'''

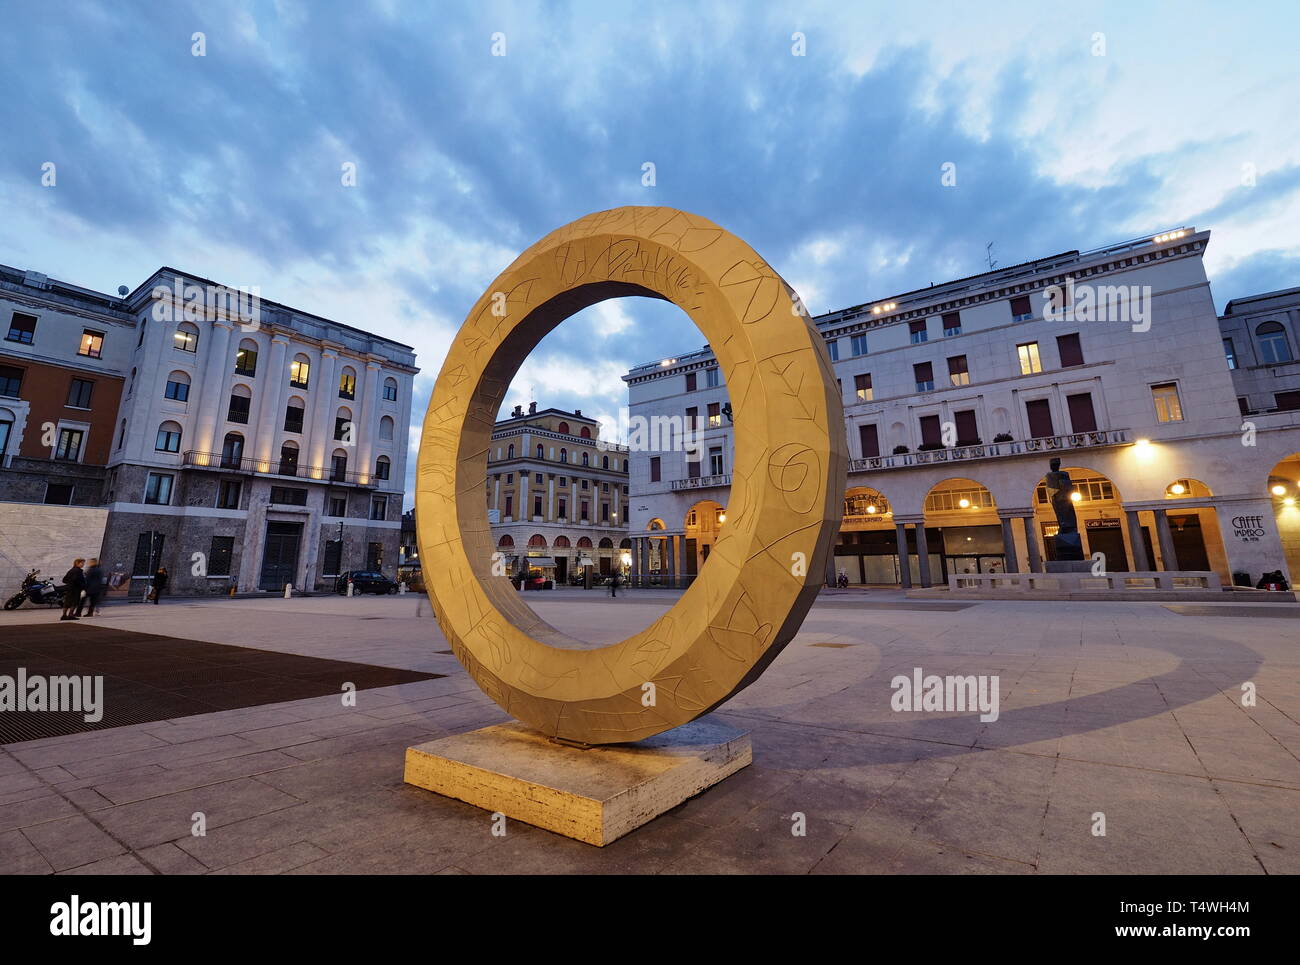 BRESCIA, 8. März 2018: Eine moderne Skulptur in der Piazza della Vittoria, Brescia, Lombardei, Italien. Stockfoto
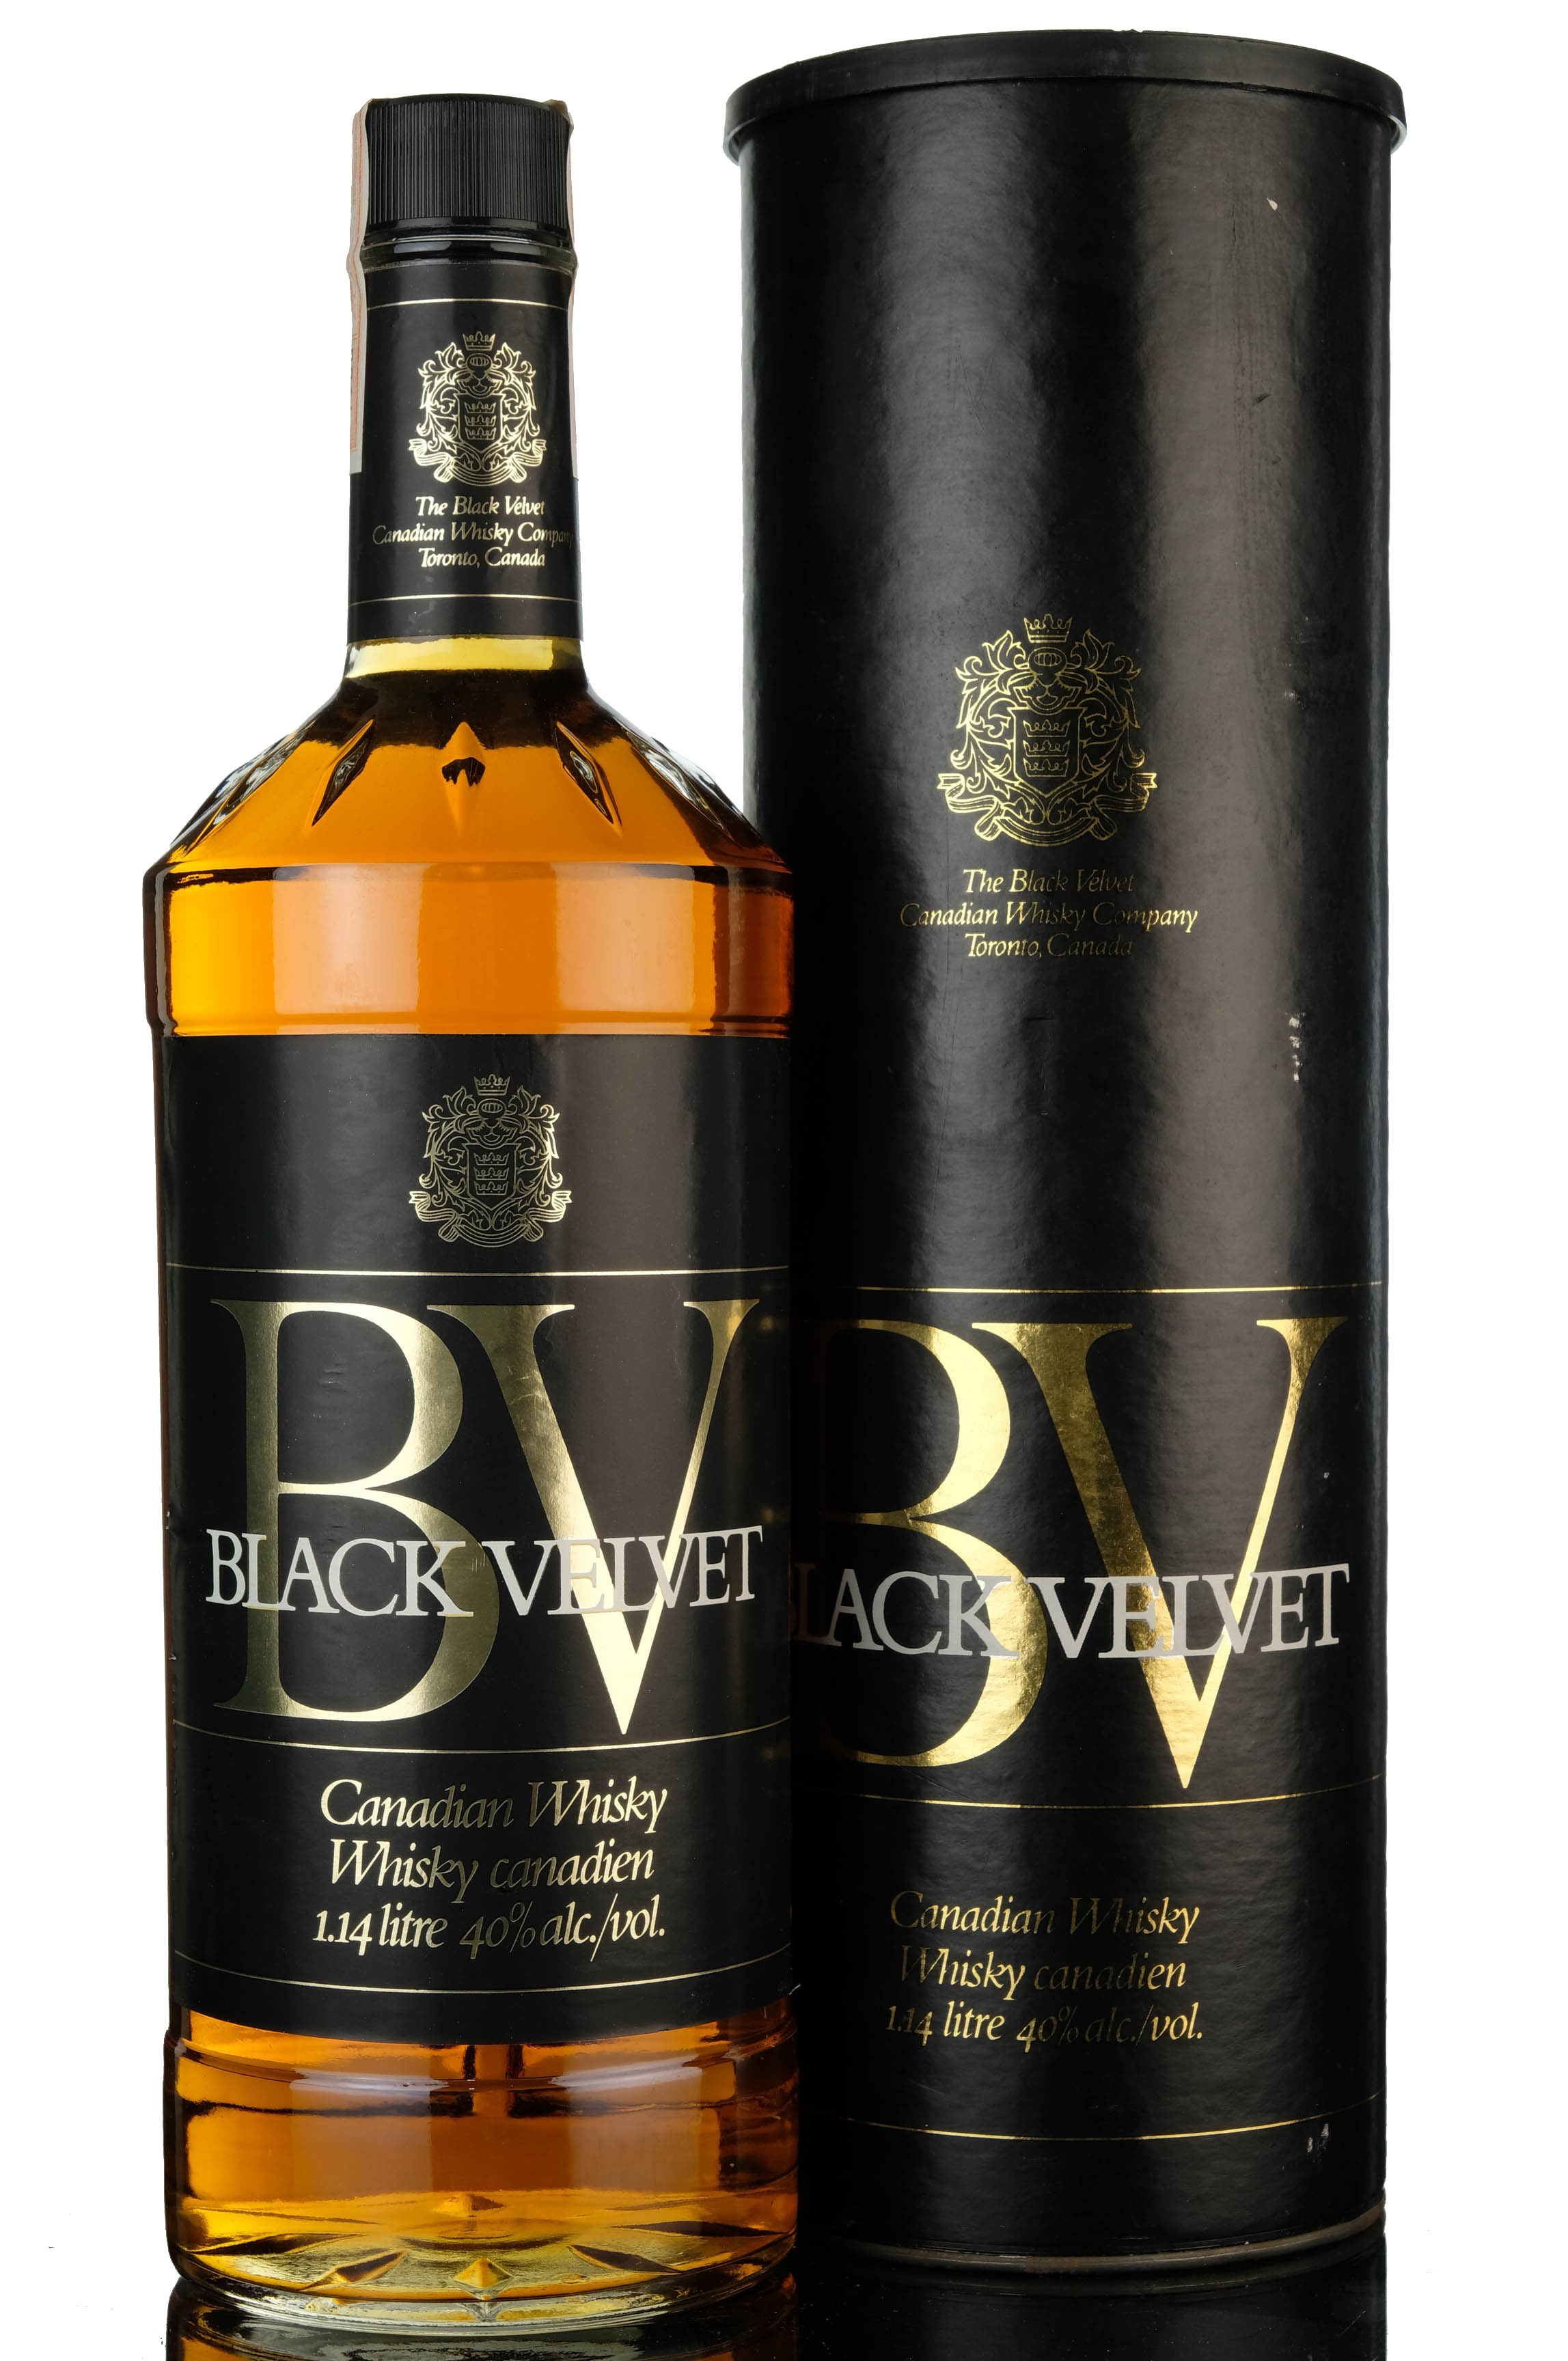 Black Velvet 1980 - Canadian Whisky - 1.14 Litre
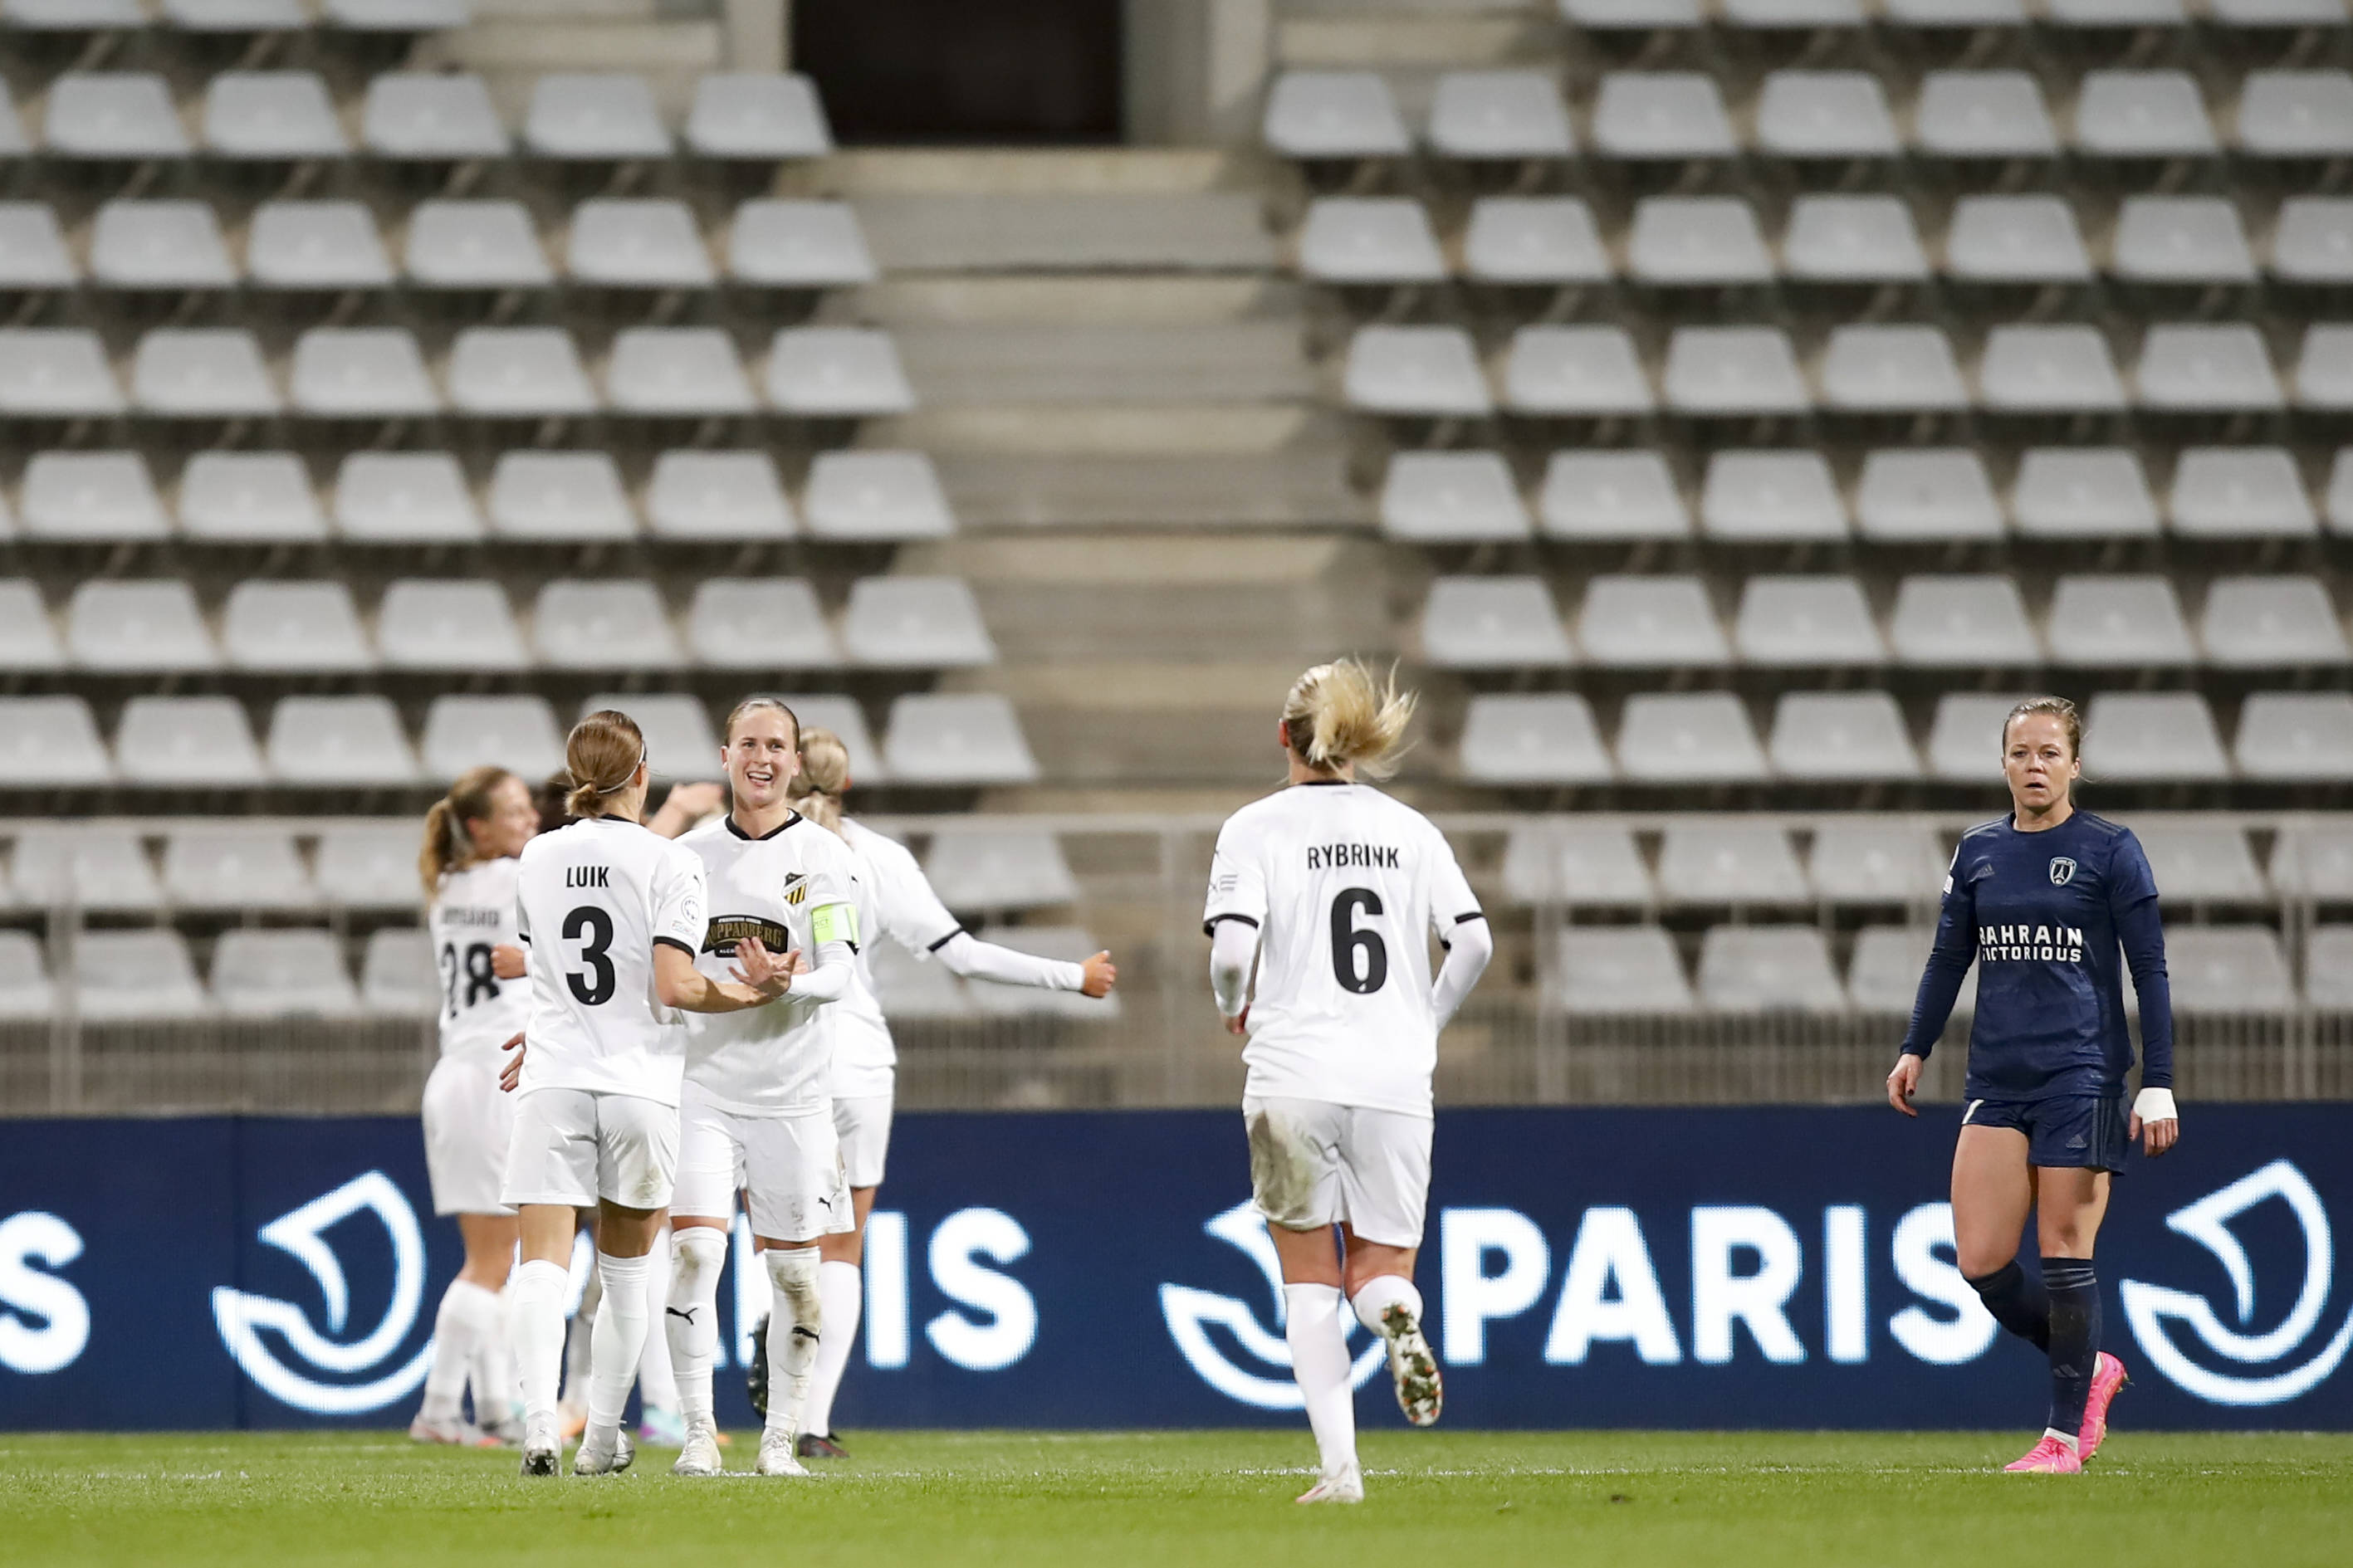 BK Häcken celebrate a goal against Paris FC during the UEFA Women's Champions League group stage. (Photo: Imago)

'''

WORK REQUEST: Return the material above verbatim. Pictures are to be excluded.

ANSWER TO THIS PROBLEM:
 BRESCIA, 8. März 2018: Eine moderne Skulptur in der Piazza della Vittoria, Brescia, Lombardei, Italien. Stockfoto
 Black Velvet 1980 - Canadian Whisky - 1.14 Litre
 BK Häcken celebrate a goal against Paris FC during the UEFA Women's Champions League group stage. (Photo: Imago)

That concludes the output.